LISTED ENTRIES:

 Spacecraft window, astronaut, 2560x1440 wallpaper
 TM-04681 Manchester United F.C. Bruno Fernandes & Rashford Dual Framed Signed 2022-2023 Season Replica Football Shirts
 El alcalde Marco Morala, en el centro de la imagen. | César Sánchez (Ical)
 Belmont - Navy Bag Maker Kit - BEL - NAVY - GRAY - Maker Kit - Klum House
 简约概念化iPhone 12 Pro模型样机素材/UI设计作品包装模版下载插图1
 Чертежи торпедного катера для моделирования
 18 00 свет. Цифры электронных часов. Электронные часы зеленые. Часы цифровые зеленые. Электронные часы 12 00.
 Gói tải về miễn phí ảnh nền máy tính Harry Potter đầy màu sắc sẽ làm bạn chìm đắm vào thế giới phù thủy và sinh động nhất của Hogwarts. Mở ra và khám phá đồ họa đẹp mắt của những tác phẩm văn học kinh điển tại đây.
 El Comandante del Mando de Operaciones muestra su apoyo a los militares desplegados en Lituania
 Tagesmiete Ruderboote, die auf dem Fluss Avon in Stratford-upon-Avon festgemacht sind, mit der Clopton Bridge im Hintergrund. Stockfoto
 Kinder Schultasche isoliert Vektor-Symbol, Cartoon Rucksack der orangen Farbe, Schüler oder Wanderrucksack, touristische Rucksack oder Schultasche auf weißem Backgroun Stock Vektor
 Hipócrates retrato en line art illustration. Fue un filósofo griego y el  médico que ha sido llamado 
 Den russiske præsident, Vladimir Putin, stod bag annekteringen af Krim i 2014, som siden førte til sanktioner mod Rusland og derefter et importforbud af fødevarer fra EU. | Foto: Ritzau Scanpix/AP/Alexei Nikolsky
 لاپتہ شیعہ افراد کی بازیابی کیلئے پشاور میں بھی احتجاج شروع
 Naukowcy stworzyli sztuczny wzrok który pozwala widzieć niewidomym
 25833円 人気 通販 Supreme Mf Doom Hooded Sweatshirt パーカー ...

TASK GOAL: Above are some lines. Repeat exactly, and only, those from the line that has "18 00 свет." through the line that has "Den russiske præsident, Vladimir".

WORKED SOLUTION:
 18 00 свет. Цифры электронных часов. Электронные часы зеленые. Часы цифровые зеленые. Электронные часы 12 00.
 Gói tải về miễn phí ảnh nền máy tính Harry Potter đầy màu sắc sẽ làm bạn chìm đắm vào thế giới phù thủy và sinh động nhất của Hogwarts. Mở ra và khám phá đồ họa đẹp mắt của những tác phẩm văn học kinh điển tại đây.
 El Comandante del Mando de Operaciones muestra su apoyo a los militares desplegados en Lituania
 Tagesmiete Ruderboote, die auf dem Fluss Avon in Stratford-upon-Avon festgemacht sind, mit der Clopton Bridge im Hintergrund. Stockfoto
 Kinder Schultasche isoliert Vektor-Symbol, Cartoon Rucksack der orangen Farbe, Schüler oder Wanderrucksack, touristische Rucksack oder Schultasche auf weißem Backgroun Stock Vektor
 Hipócrates retrato en line art illustration. Fue un filósofo griego y el  médico que ha sido llamado 
 Den russiske præsident, Vladimir Putin, stod bag annekteringen af Krim i 2014, som siden førte til sanktioner mod Rusland og derefter et importforbud af fødevarer fra EU. | Foto: Ritzau Scanpix/AP/Alexei Nikolsky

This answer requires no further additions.